Saturday 15 December 2012

Exams for investors are a bad idea

ASIC chairman Greg Medcraft's suggestion that investors should sit a two hour exam before investing in certain financial products has set the cat among the pigeons.

The Australian Securities and Investment Commission (ASIC)  is intended to regulate certain financial markets. The big four banks are regulated by the Australian Prudential Regulation Authority (APRA). Among ASIC's clients are a host of deadbeats that give the appearance of being banks without being banks. The most recent failure was the Banksia ( note "Bank"sia ) finance group centred on Kyabram, a  rural township in the north of the State of Victoria. Why anyone would entrust their life savings to an institution of this nature when they could cross the street get the security of a major bank at the cost of a few percent is beyond me. But then I am a city slicker, I don't hate the banks as many country people with long memories do.
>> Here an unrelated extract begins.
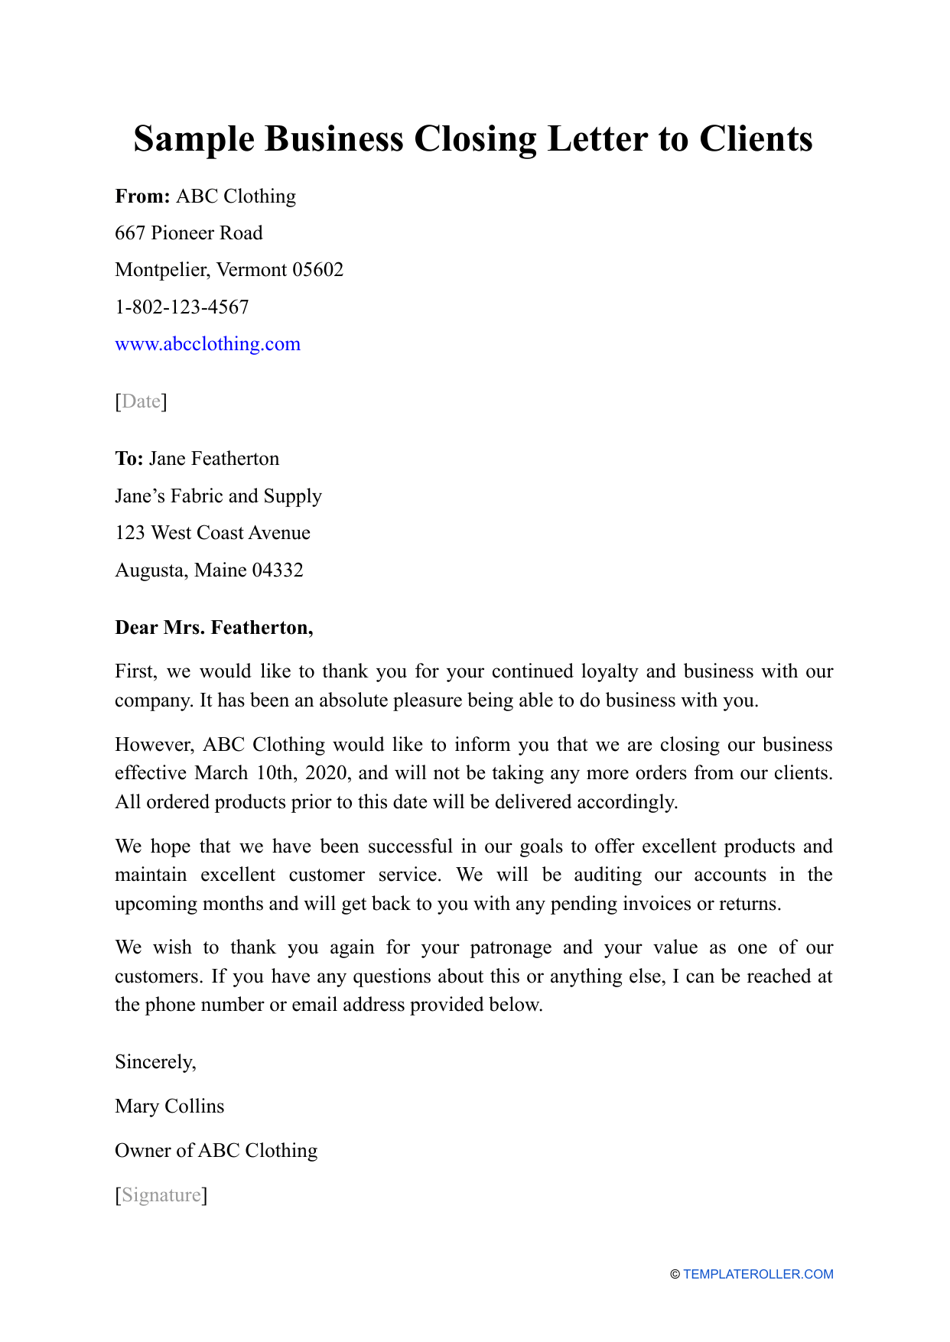 Sample Business Closing Letter to Clients, Page 1

As far as fixed interest investments are concerned, the difference between the return on a secure investment and a risky one is so inconsequential it is not worth bothering about.
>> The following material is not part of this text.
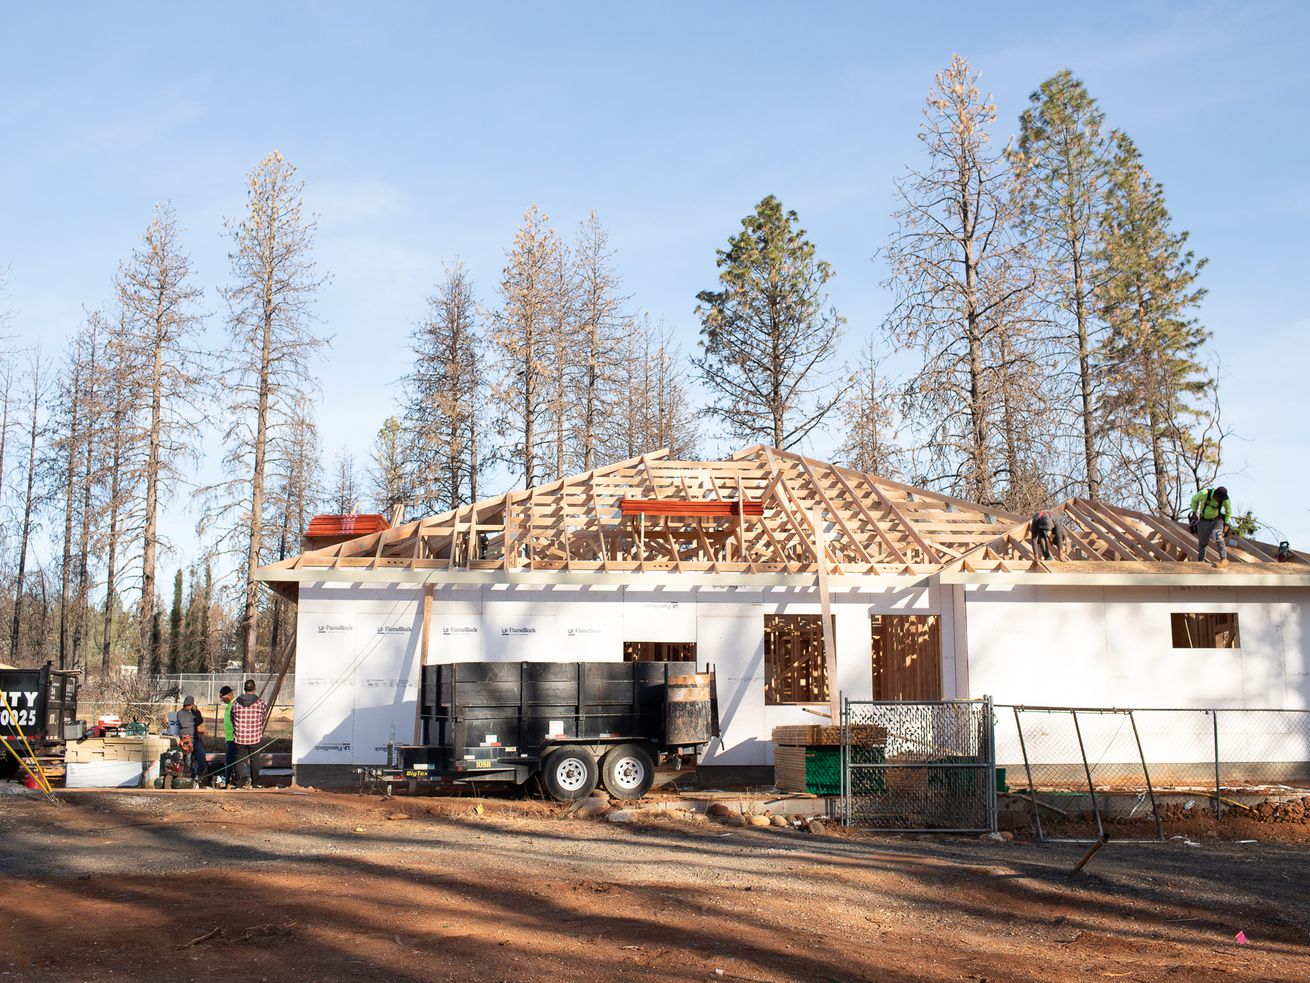 A house in Paradise, California being built.

But what the ASIC chairman was really on about were things like contracts for difference (CFDs), debentures, FX trading and self managed super funds (SMSFs).

There may be people who make money out of CFDs, let us just say I've never met anyone who has. CFDs tend to be marketed to gullible people who have no idea of  the risks involved. As for FX trading, the average punter would be competing against professional traders who in all likelihood have PhDs in maths. I was at one time fairly good at maths, but when I last tried balancing my cheque book (a long time ago when I had one) and was defeated, I decided my maths weren't up to FX trader standards. The truth is all these instruments exist to transfer money from the amateurs to the professionals, much the same as any gambling product.

Can you tell people this? Of course you can. Will they listen? Probably not. It's amazing how many people will  commit thousands to an investment they don't understand when their largest previous outlay was a Lotto ticket.

Any investment is about the evaluation and management of risk. Without risk, there will be no return. The greater the risk, the greater the potential return. The risk involved should  be appropriate to the individual concerned. If a young man gets dudded for a few thousand on CFDs, it will be probably be a worthwhile learning experience. For an old age pensioner, it may be the difference between eating steak or cat food.

Even if it could be shown that a two hour examination would prevent people from making foolish investments -- which I very much doubt -- do they have a place in financial management? It is not the government's role to protect people from themselves. Financial advisers, stockbrokers and a host of other professionals exist to help people invest their money. On top of all that, do we really need an exam?

For a time I invested in what are known as "penny dreadfuls." Some people claim they make money from these stocks, which are more formally known as "small cap mining stocks". I know for a fact that some investors do make money from these stocks, but like most gamblers, you hear more about the winners than the losers. I broke about even. In the end, I decided it wasn't worth the aggravation. But if someone thinks they have found the next Woodside or News Corporation, they should be allowed to have a punt. If they want to have a share in a stock whose sole asset is an expanse of kangaroo pasture, that's their business.

A fool and his money are soon parted. It's an old saying but a true one. No investment is risk free, even if it is the risk that the capital value will be eaten away by inflation. In the end, you can't protect people from themselves. Exams for investors are a bad idea.